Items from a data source
*-*-*
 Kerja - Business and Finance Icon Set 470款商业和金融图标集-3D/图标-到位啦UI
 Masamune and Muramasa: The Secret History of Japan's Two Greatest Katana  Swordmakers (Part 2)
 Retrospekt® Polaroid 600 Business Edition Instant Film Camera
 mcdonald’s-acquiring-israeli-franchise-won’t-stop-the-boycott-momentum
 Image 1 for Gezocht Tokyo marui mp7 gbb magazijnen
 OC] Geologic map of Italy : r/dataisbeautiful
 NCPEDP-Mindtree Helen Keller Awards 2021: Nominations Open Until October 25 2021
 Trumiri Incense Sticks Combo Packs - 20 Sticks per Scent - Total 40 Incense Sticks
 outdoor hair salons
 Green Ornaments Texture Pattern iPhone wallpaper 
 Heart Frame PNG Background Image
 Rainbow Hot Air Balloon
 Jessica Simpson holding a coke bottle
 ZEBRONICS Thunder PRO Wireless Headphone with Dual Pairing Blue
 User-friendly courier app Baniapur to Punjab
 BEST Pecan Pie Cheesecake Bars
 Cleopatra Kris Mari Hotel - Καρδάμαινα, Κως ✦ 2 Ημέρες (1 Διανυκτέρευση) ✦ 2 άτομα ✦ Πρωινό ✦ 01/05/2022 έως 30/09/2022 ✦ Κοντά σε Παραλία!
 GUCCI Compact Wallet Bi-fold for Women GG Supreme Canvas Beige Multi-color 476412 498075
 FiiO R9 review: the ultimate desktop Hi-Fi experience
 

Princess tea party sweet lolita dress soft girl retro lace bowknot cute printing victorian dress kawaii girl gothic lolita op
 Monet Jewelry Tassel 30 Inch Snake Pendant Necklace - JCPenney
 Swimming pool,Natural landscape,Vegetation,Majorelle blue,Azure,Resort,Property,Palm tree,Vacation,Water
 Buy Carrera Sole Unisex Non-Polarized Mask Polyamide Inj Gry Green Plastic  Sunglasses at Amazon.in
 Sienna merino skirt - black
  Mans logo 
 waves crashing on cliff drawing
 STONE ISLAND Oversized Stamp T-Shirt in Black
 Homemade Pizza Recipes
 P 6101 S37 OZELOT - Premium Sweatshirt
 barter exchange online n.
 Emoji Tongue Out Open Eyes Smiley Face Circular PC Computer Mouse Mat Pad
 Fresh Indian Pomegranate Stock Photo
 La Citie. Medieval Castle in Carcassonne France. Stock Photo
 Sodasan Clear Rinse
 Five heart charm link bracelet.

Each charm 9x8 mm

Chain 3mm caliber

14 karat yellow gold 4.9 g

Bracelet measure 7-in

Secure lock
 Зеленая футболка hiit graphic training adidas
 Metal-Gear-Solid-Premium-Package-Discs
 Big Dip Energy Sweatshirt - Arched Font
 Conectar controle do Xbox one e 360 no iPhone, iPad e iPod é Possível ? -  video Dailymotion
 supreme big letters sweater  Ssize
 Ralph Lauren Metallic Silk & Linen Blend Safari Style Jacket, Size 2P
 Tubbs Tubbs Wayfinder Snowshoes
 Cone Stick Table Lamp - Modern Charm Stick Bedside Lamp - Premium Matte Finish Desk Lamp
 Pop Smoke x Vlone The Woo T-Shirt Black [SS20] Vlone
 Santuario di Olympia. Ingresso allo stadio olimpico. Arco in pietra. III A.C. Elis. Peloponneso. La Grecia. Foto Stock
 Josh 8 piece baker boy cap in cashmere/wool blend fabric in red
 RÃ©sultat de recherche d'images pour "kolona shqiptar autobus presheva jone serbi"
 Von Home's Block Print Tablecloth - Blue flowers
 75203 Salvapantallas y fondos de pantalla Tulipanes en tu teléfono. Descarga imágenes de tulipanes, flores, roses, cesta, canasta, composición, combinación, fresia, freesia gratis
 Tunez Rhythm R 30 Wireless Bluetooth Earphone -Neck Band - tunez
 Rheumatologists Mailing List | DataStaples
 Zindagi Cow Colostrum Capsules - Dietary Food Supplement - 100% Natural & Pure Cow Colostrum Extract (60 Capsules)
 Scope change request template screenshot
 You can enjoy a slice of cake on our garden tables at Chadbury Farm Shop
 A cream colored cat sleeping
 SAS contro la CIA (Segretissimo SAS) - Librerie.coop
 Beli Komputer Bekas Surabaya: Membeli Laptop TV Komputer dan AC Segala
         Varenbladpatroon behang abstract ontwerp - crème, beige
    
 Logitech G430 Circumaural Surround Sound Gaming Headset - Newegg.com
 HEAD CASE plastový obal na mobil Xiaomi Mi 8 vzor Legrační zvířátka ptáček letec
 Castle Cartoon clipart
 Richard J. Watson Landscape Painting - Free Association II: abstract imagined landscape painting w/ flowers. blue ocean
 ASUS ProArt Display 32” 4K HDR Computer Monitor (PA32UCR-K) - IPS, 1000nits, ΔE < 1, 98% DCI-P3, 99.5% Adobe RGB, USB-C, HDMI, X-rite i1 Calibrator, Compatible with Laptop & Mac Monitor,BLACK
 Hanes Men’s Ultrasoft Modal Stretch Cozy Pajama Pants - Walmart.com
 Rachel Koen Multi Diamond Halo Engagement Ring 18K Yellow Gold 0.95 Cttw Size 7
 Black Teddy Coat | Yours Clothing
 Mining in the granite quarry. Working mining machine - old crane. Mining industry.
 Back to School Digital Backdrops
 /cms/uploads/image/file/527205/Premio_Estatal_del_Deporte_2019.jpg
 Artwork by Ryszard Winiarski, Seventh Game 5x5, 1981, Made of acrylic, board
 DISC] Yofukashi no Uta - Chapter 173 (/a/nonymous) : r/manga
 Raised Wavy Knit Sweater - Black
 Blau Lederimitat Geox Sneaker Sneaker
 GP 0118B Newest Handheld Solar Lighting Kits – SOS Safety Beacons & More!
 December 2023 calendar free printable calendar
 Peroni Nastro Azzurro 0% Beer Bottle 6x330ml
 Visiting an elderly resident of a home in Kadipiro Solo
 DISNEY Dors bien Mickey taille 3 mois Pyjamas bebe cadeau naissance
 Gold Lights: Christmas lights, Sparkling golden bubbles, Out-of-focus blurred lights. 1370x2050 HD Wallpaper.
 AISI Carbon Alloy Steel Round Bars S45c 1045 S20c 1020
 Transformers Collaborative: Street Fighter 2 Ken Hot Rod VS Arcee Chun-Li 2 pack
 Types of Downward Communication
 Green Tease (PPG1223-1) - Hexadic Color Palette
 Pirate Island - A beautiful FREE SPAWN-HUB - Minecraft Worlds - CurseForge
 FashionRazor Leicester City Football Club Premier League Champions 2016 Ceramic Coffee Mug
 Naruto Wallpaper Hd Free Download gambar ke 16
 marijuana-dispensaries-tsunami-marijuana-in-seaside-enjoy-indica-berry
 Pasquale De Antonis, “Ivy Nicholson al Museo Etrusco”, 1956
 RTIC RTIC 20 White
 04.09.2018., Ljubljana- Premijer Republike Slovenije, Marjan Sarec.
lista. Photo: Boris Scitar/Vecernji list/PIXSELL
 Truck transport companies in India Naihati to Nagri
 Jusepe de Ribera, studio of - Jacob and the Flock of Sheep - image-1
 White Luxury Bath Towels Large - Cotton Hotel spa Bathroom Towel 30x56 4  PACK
*-*-*
Work order: Without leaving anything out, give the entries again exactly.

Solution to this task:
 Kerja - Business and Finance Icon Set 470款商业和金融图标集-3D/图标-到位啦UI
 Masamune and Muramasa: The Secret History of Japan's Two Greatest Katana  Swordmakers (Part 2)
 Retrospekt® Polaroid 600 Business Edition Instant Film Camera
 mcdonald’s-acquiring-israeli-franchise-won’t-stop-the-boycott-momentum
 Image 1 for Gezocht Tokyo marui mp7 gbb magazijnen
 OC] Geologic map of Italy : r/dataisbeautiful
 NCPEDP-Mindtree Helen Keller Awards 2021: Nominations Open Until October 25 2021
 Trumiri Incense Sticks Combo Packs - 20 Sticks per Scent - Total 40 Incense Sticks
 outdoor hair salons
 Green Ornaments Texture Pattern iPhone wallpaper 
 Heart Frame PNG Background Image
 Rainbow Hot Air Balloon
 Jessica Simpson holding a coke bottle
 ZEBRONICS Thunder PRO Wireless Headphone with Dual Pairing Blue
 User-friendly courier app Baniapur to Punjab
 BEST Pecan Pie Cheesecake Bars
 Cleopatra Kris Mari Hotel - Καρδάμαινα, Κως ✦ 2 Ημέρες (1 Διανυκτέρευση) ✦ 2 άτομα ✦ Πρωινό ✦ 01/05/2022 έως 30/09/2022 ✦ Κοντά σε Παραλία!
 GUCCI Compact Wallet Bi-fold for Women GG Supreme Canvas Beige Multi-color 476412 498075
 FiiO R9 review: the ultimate desktop Hi-Fi experience
 

Princess tea party sweet lolita dress soft girl retro lace bowknot cute printing victorian dress kawaii girl gothic lolita op
 Monet Jewelry Tassel 30 Inch Snake Pendant Necklace - JCPenney
 Swimming pool,Natural landscape,Vegetation,Majorelle blue,Azure,Resort,Property,Palm tree,Vacation,Water
 Buy Carrera Sole Unisex Non-Polarized Mask Polyamide Inj Gry Green Plastic  Sunglasses at Amazon.in
 Sienna merino skirt - black
  Mans logo 
 waves crashing on cliff drawing
 STONE ISLAND Oversized Stamp T-Shirt in Black
 Homemade Pizza Recipes
 P 6101 S37 OZELOT - Premium Sweatshirt
 barter exchange online n.
 Emoji Tongue Out Open Eyes Smiley Face Circular PC Computer Mouse Mat Pad
 Fresh Indian Pomegranate Stock Photo
 La Citie. Medieval Castle in Carcassonne France. Stock Photo
 Sodasan Clear Rinse
 Five heart charm link bracelet.

Each charm 9x8 mm

Chain 3mm caliber

14 karat yellow gold 4.9 g

Bracelet measure 7-in

Secure lock
 Зеленая футболка hiit graphic training adidas
 Metal-Gear-Solid-Premium-Package-Discs
 Big Dip Energy Sweatshirt - Arched Font
 Conectar controle do Xbox one e 360 no iPhone, iPad e iPod é Possível ? -  video Dailymotion
 supreme big letters sweater  Ssize
 Ralph Lauren Metallic Silk & Linen Blend Safari Style Jacket, Size 2P
 Tubbs Tubbs Wayfinder Snowshoes
 Cone Stick Table Lamp - Modern Charm Stick Bedside Lamp - Premium Matte Finish Desk Lamp
 Pop Smoke x Vlone The Woo T-Shirt Black [SS20] Vlone
 Santuario di Olympia. Ingresso allo stadio olimpico. Arco in pietra. III A.C. Elis. Peloponneso. La Grecia. Foto Stock
 Josh 8 piece baker boy cap in cashmere/wool blend fabric in red
 RÃ©sultat de recherche d'images pour "kolona shqiptar autobus presheva jone serbi"
 Von Home's Block Print Tablecloth - Blue flowers
 75203 Salvapantallas y fondos de pantalla Tulipanes en tu teléfono. Descarga imágenes de tulipanes, flores, roses, cesta, canasta, composición, combinación, fresia, freesia gratis
 Tunez Rhythm R 30 Wireless Bluetooth Earphone -Neck Band - tunez
 Rheumatologists Mailing List | DataStaples
 Zindagi Cow Colostrum Capsules - Dietary Food Supplement - 100% Natural & Pure Cow Colostrum Extract (60 Capsules)
 Scope change request template screenshot
 You can enjoy a slice of cake on our garden tables at Chadbury Farm Shop
 A cream colored cat sleeping
 SAS contro la CIA (Segretissimo SAS) - Librerie.coop
 Beli Komputer Bekas Surabaya: Membeli Laptop TV Komputer dan AC Segala
         Varenbladpatroon behang abstract ontwerp - crème, beige
    
 Logitech G430 Circumaural Surround Sound Gaming Headset - Newegg.com
 HEAD CASE plastový obal na mobil Xiaomi Mi 8 vzor Legrační zvířátka ptáček letec
 Castle Cartoon clipart
 Richard J. Watson Landscape Painting - Free Association II: abstract imagined landscape painting w/ flowers. blue ocean
 ASUS ProArt Display 32” 4K HDR Computer Monitor (PA32UCR-K) - IPS, 1000nits, ΔE < 1, 98% DCI-P3, 99.5% Adobe RGB, USB-C, HDMI, X-rite i1 Calibrator, Compatible with Laptop & Mac Monitor,BLACK
 Hanes Men’s Ultrasoft Modal Stretch Cozy Pajama Pants - Walmart.com
 Rachel Koen Multi Diamond Halo Engagement Ring 18K Yellow Gold 0.95 Cttw Size 7
 Black Teddy Coat | Yours Clothing
 Mining in the granite quarry. Working mining machine - old crane. Mining industry.
 Back to School Digital Backdrops
 /cms/uploads/image/file/527205/Premio_Estatal_del_Deporte_2019.jpg
 Artwork by Ryszard Winiarski, Seventh Game 5x5, 1981, Made of acrylic, board
 DISC] Yofukashi no Uta - Chapter 173 (/a/nonymous) : r/manga
 Raised Wavy Knit Sweater - Black
 Blau Lederimitat Geox Sneaker Sneaker
 GP 0118B Newest Handheld Solar Lighting Kits – SOS Safety Beacons & More!
 December 2023 calendar free printable calendar
 Peroni Nastro Azzurro 0% Beer Bottle 6x330ml
 Visiting an elderly resident of a home in Kadipiro Solo
 DISNEY Dors bien Mickey taille 3 mois Pyjamas bebe cadeau naissance
 Gold Lights: Christmas lights, Sparkling golden bubbles, Out-of-focus blurred lights. 1370x2050 HD Wallpaper.
 AISI Carbon Alloy Steel Round Bars S45c 1045 S20c 1020
 Transformers Collaborative: Street Fighter 2 Ken Hot Rod VS Arcee Chun-Li 2 pack
 Types of Downward Communication
 Green Tease (PPG1223-1) - Hexadic Color Palette
 Pirate Island - A beautiful FREE SPAWN-HUB - Minecraft Worlds - CurseForge
 FashionRazor Leicester City Football Club Premier League Champions 2016 Ceramic Coffee Mug
 Naruto Wallpaper Hd Free Download gambar ke 16
 marijuana-dispensaries-tsunami-marijuana-in-seaside-enjoy-indica-berry
 Pasquale De Antonis, “Ivy Nicholson al Museo Etrusco”, 1956
 RTIC RTIC 20 White
 04.09.2018., Ljubljana- Premijer Republike Slovenije, Marjan Sarec.
lista. Photo: Boris Scitar/Vecernji list/PIXSELL
 Truck transport companies in India Naihati to Nagri
 Jusepe de Ribera, studio of - Jacob and the Flock of Sheep - image-1
 White Luxury Bath Towels Large - Cotton Hotel spa Bathroom Towel 30x56 4  PACK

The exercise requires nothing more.